EXERCISE DIRECTIONS: Beneath this line are the data; copy exactly the part of them that opens with the line containing "Earrings YELLOW GOLD" and closes with the line containing "Elk Mound Area", and only that part.

SOURCE MATERIAL:
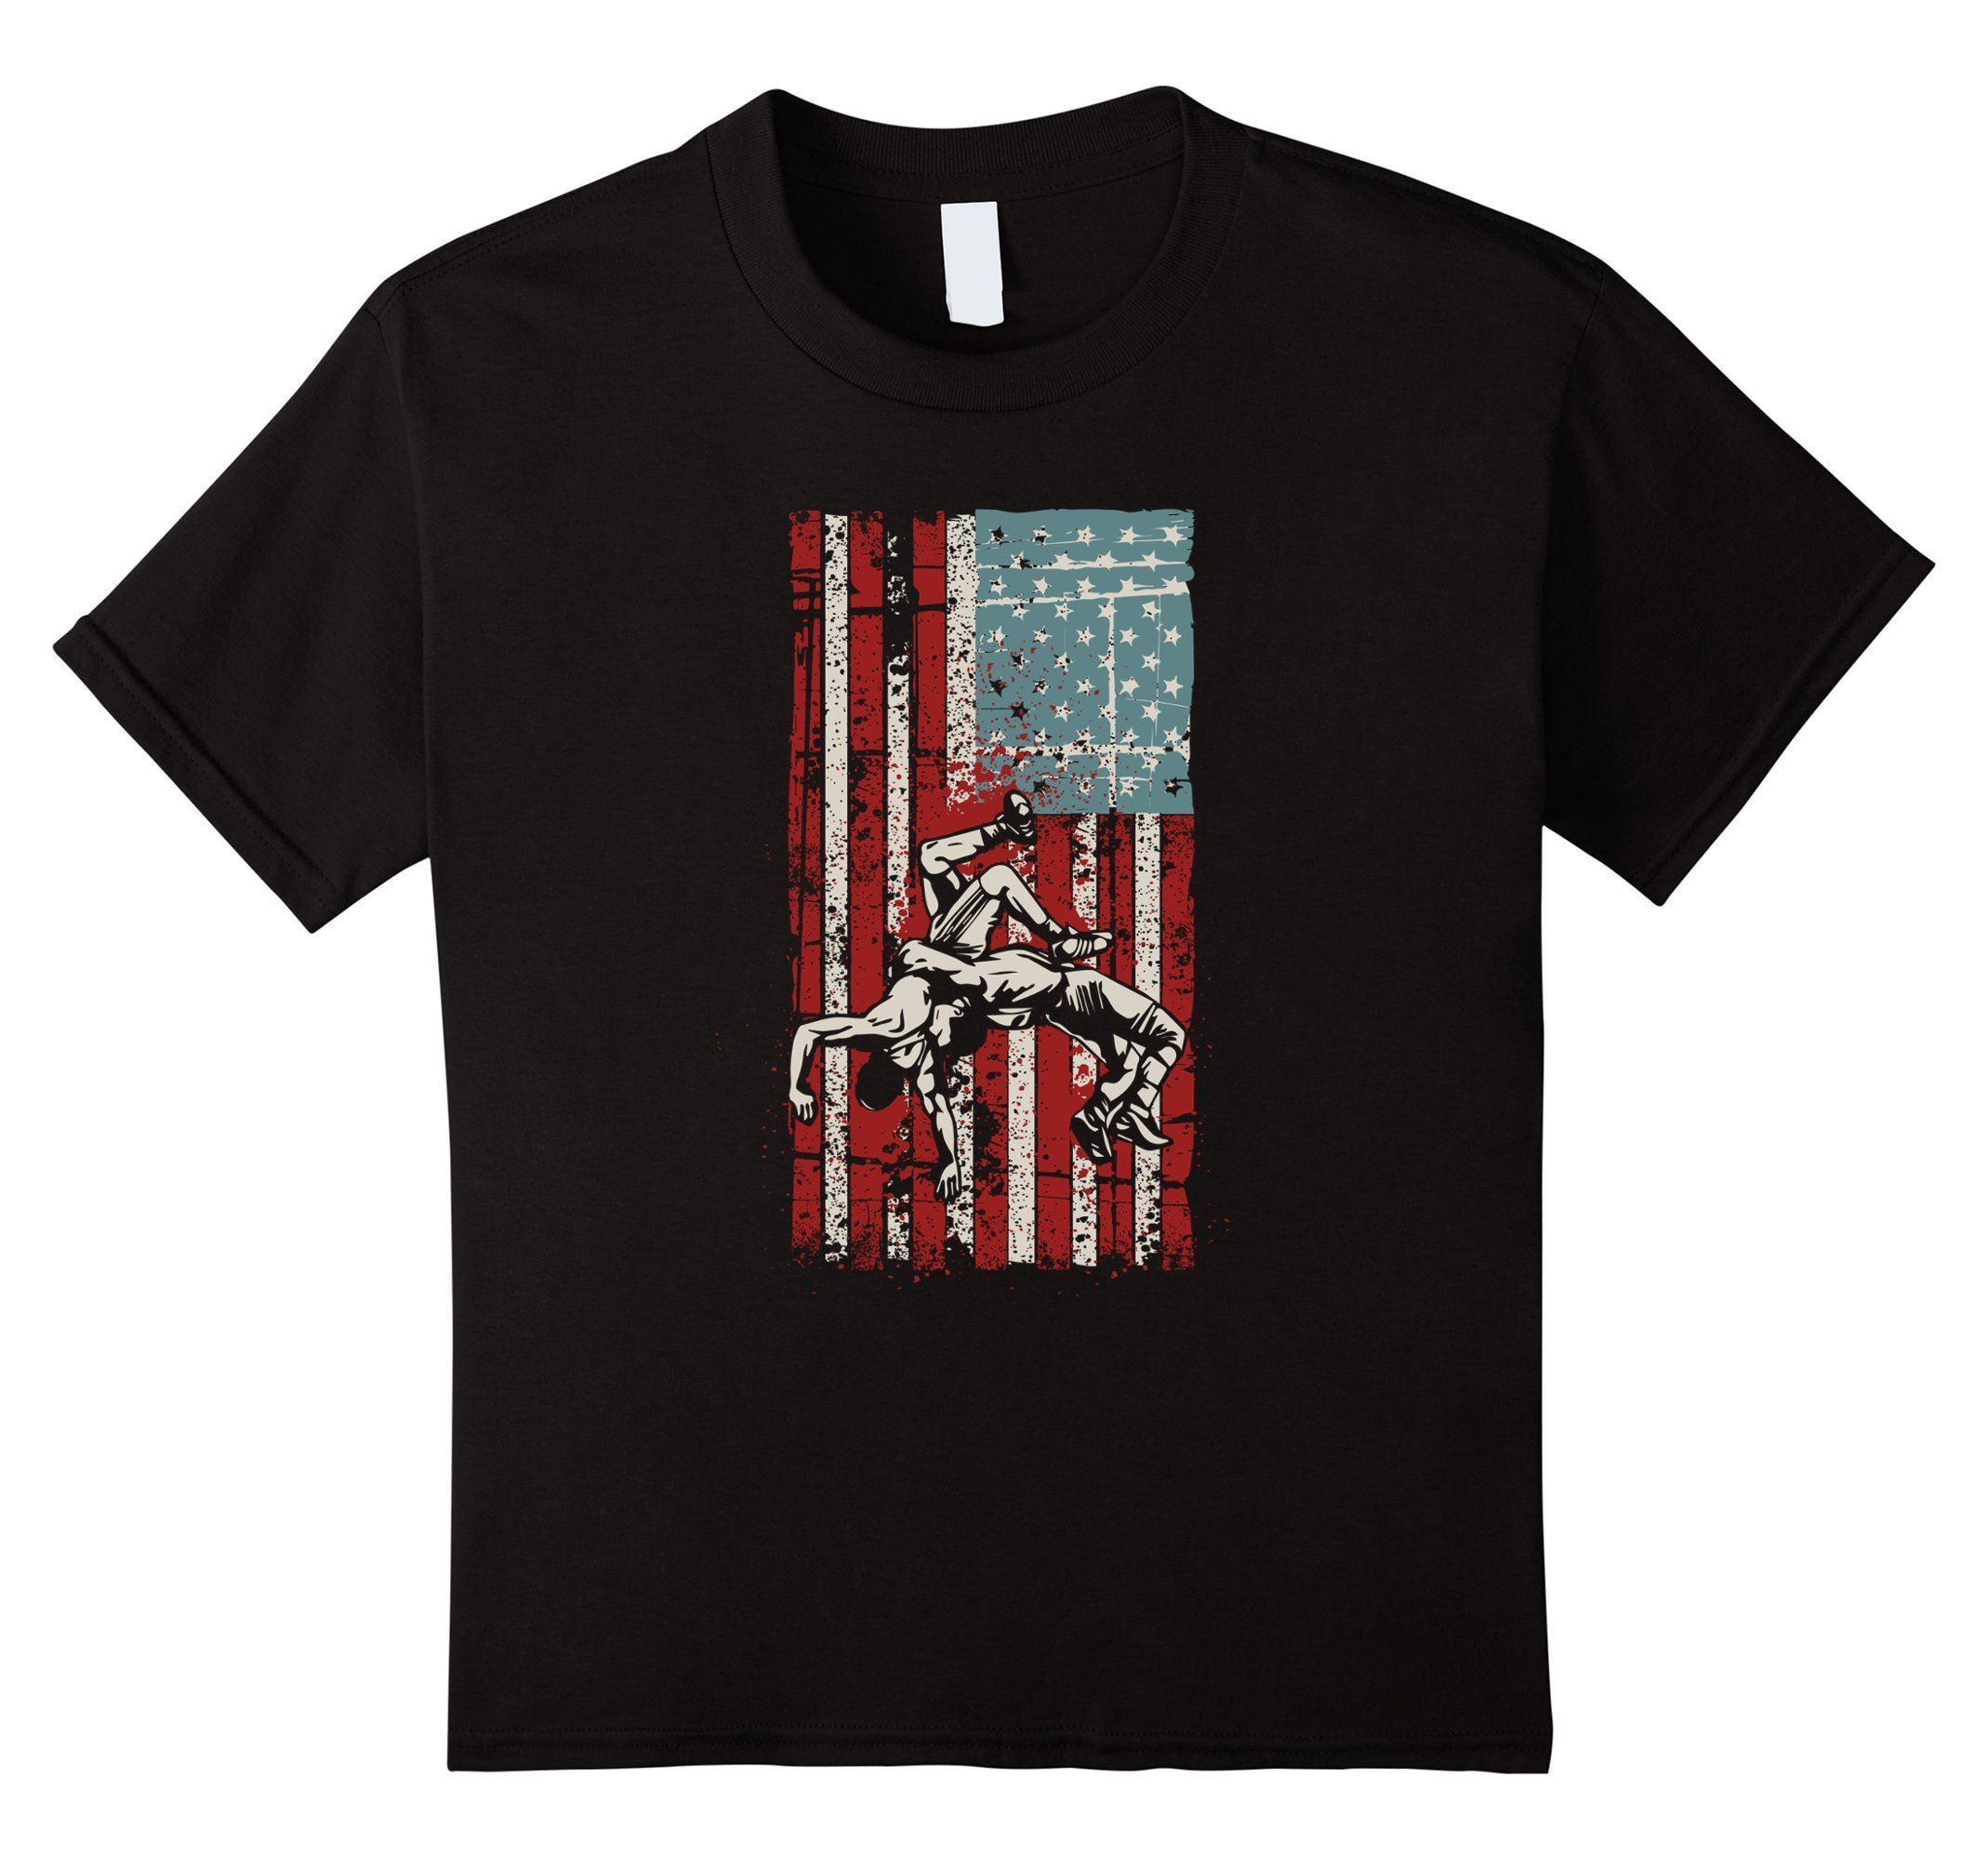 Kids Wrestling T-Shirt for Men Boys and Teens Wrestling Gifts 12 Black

==

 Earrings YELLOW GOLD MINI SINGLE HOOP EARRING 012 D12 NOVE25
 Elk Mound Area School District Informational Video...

RESULT OF THIS EXERCISE:
 Earrings YELLOW GOLD MINI SINGLE HOOP EARRING 012 D12 NOVE25
 Elk Mound Area School District Informational Video...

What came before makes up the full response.